I don't have kids, (I have enough trouble owning a cat), but I imagine that if I was a mother I would feel the need to meticulously record every milestone in my child's life: baby's first facial expression that was not gas-related; baby's first gurgle that bears a passing resemblance to human speech; baby's first time not waking up at 3 a.m. allowing mommy to get just enough sleep to prevent her from having a fatigue-induced meltdown in the produce aisle of the grocery store because they are out of organic bananas. (I can tell that I am going to be an excellent mother).
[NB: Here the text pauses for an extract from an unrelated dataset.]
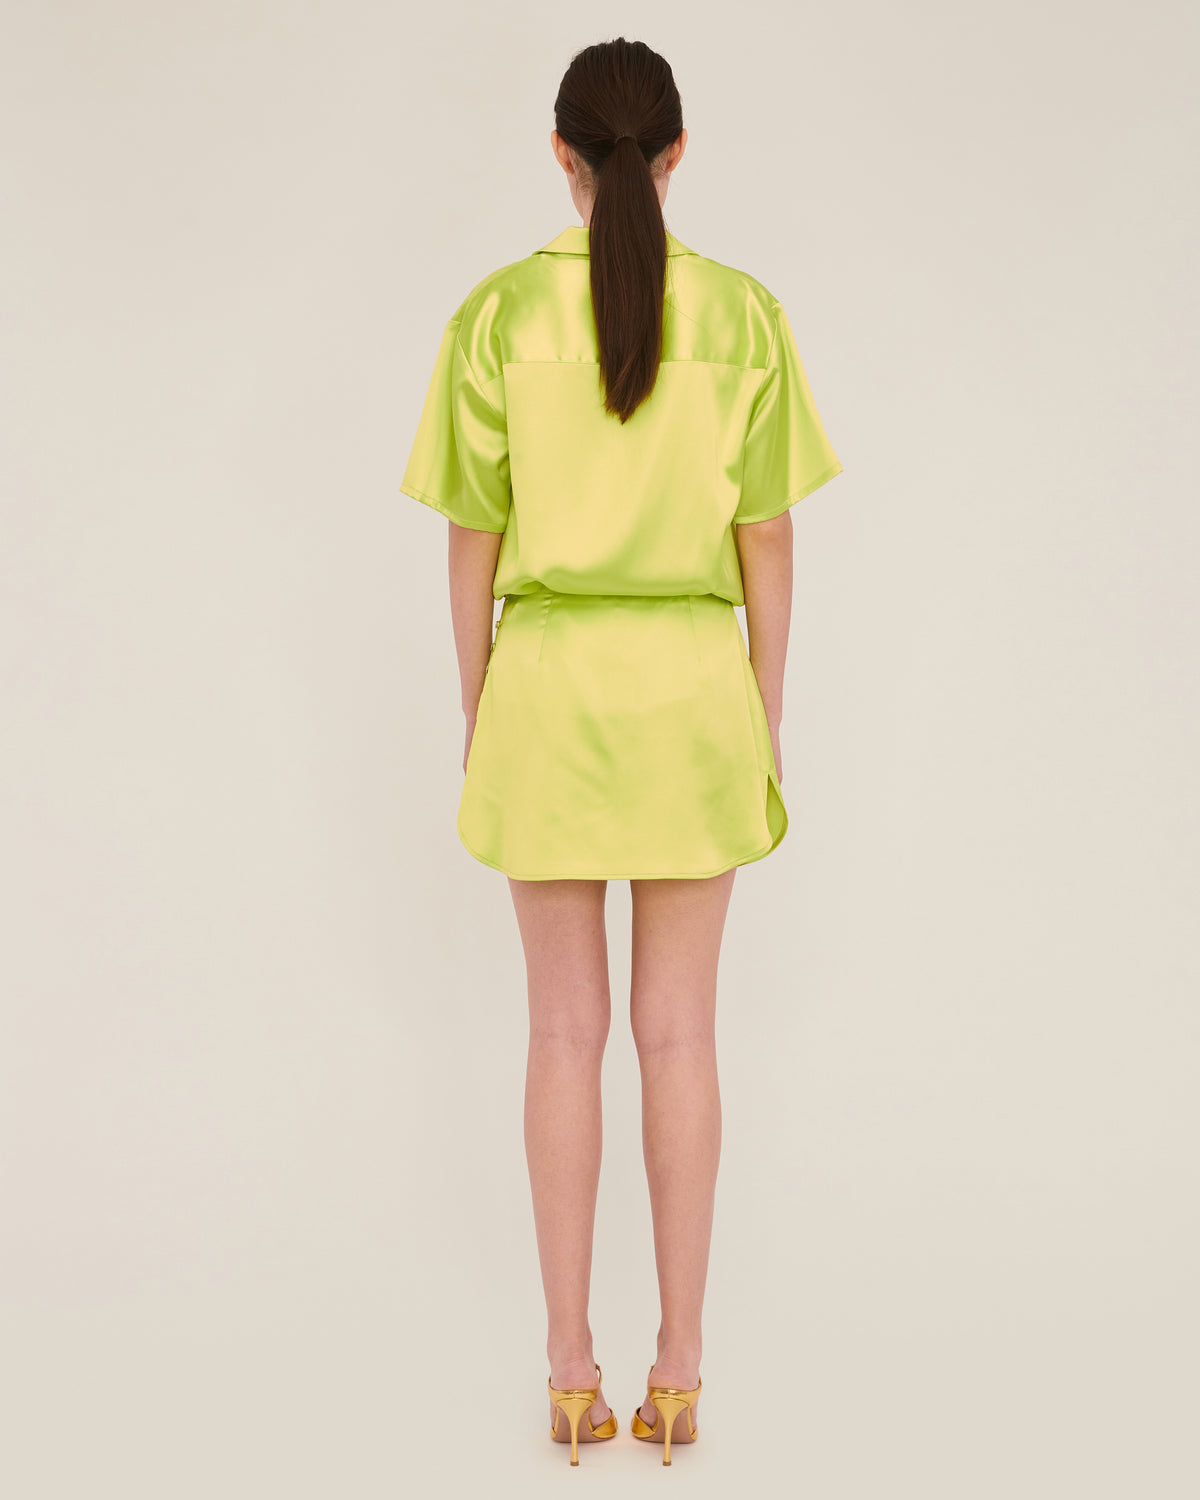 Kyle Satin Slip Mini Skirt in Neon Lime | MARISSA WEBB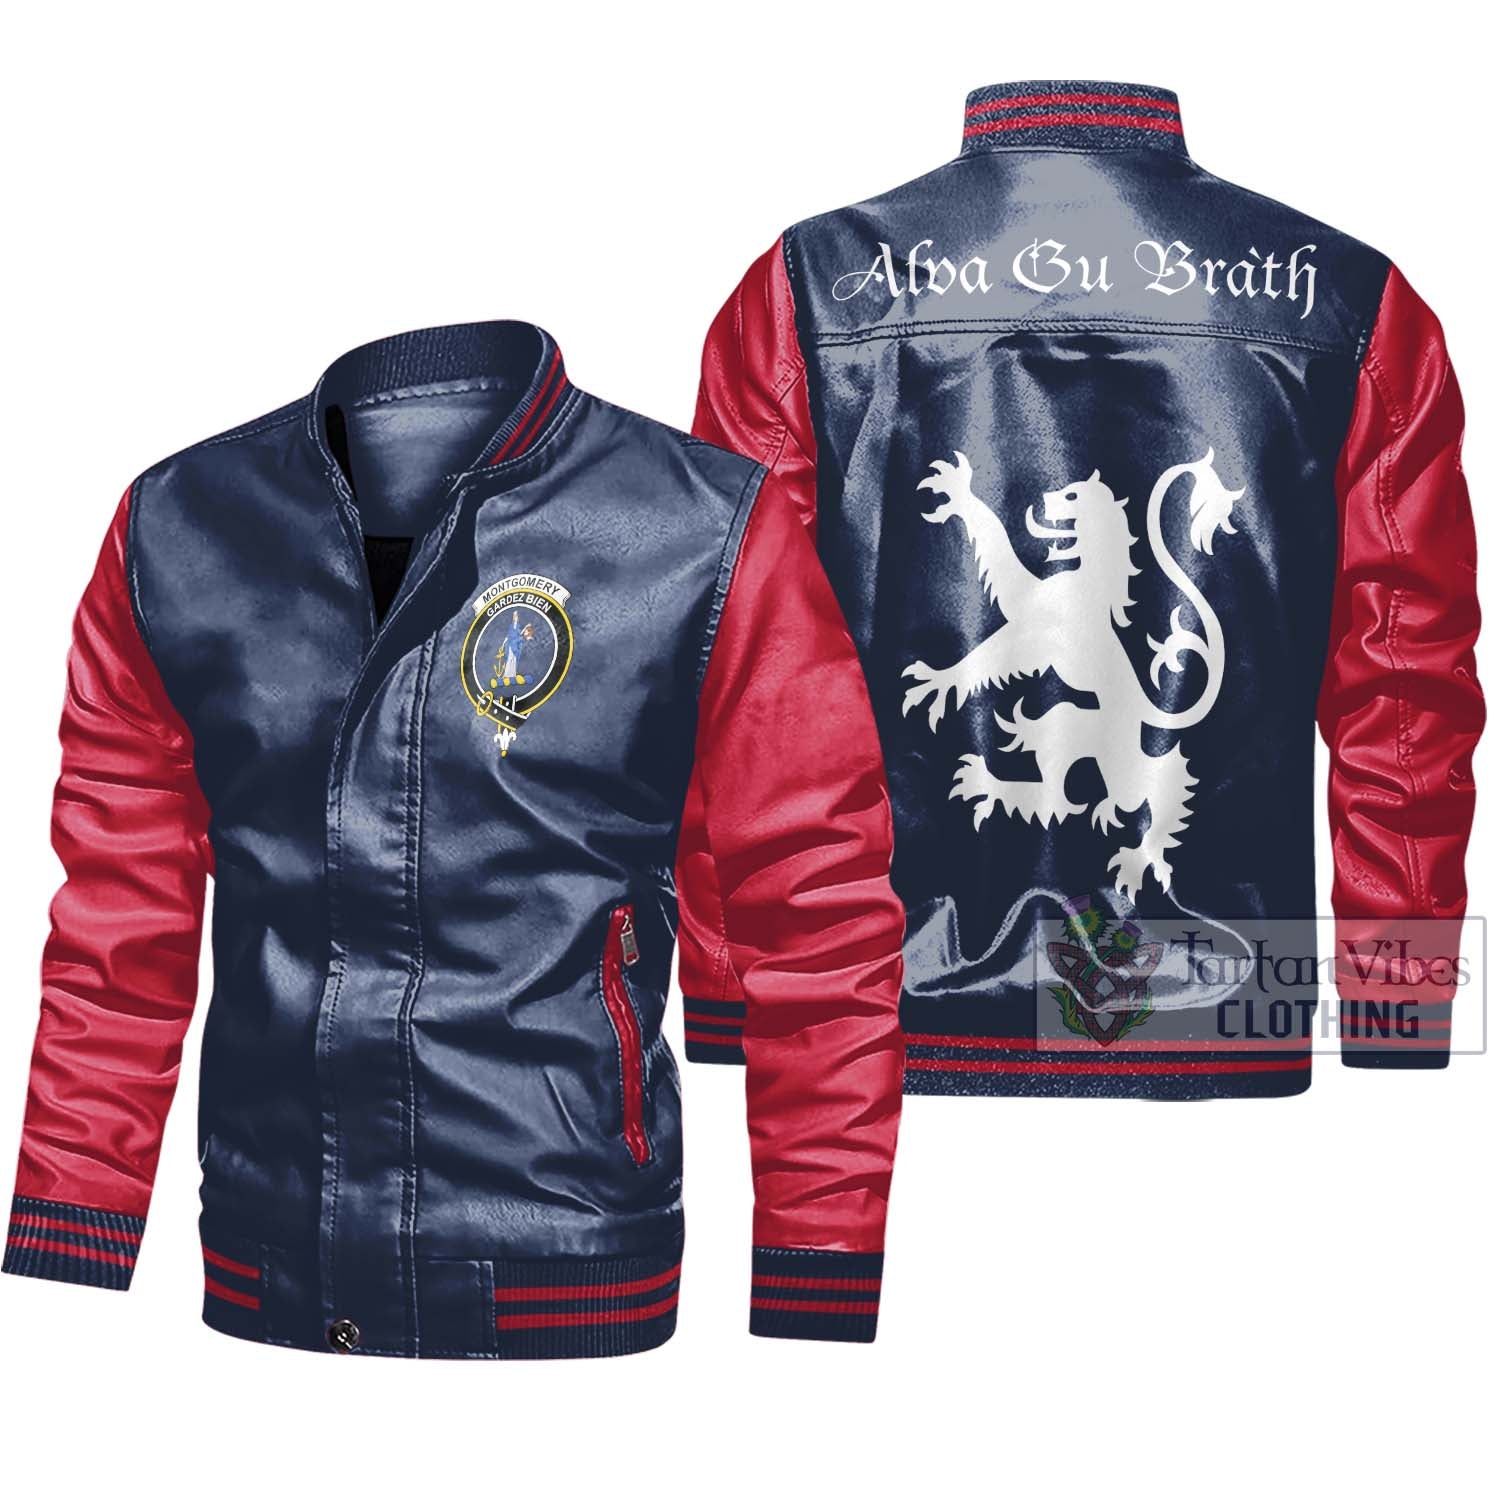 Tartan Vibes Clothing Montgomery Family Crest Leather Bomber Jacket Lion Rampant Alba Gu Brath Style

Anyhow, I have a similar reaction to record every milestone with my new hip. Even the most mundane expedition becomes exciting when you are doing it for the first time post-hip-replacement. First time walking on wet linoleum! First time getting out of a boat on to a dock without assistance! First time craving something sweet since narcotics and surgery screwed up my sense of taste! It's too bad my freaky cyborg hip is not as cute as a human baby because I would have filled about 18 photo albums with pictures by now of all its many firsts.
Happily, my mini vacation to Point Roberts provided more such firsts. First time being accosted by two large dogs while going up slippery steps! First time walking along the sand and seeing what strange footprints I leave behind because I am still putting too much weight on the balls of my feet! First time sitting in low wicker chairs, on low, hard chairs, on chairs around a campfire, on pretty much every manner of chair that does not comply to my hip restrictions! First time straddling a muddy ditch to pick blackberries and using my cane to bring down the high branches! It was all very exciting.
Unhappily, my hip is not a fan of trying new things. It is a fan of me sitting on my ass in bed, eating frozen grapes and blogging about my growing unhappiness with reality TV. It therefore wasn't exactly in a party frame of mind and decided to get a little sulky. I wasn't, however, about to let my freaky cyborg hip win. Sometimes you have to say to your hip, "Ok, look. I understand that the Old Crow bourbon I am drinking tastes like paint thinner. I also understand that it makes me stumble even more than normal because my alcohol tolerance is roughly equivalent to that of a 13-year-old's since I have laid off the sauce for so long. And, yes, this chair is ridiculously low and too hard for my bony anti-ass. Still, you need to put on your big girl pants and suck it up. We are celebrating S. and A's upcoming marriage and if you think I am going to stop sitting around this campfire trying to make s'mores without a marshmallow roasting stick, then you are sorely mistaken."
This, alas, made my hip throw a full-blown tantrum. I quickly realized that I was not going to add "getting through an entire weekend without my hip pulling a diva move and spoiling the party" to my list of firsts. I ended up going home on the second night, missing out of an evening of general debauchery and a morning of bacon-and-eggs hangover breakfast. Oh well. I have two weddings to attend in the next two weeks, so I'm sure there will be ample opportunity for hijinx and mayhem. My freaky cyborg hip better take a shot of bourbon because it's going to be a wild ride.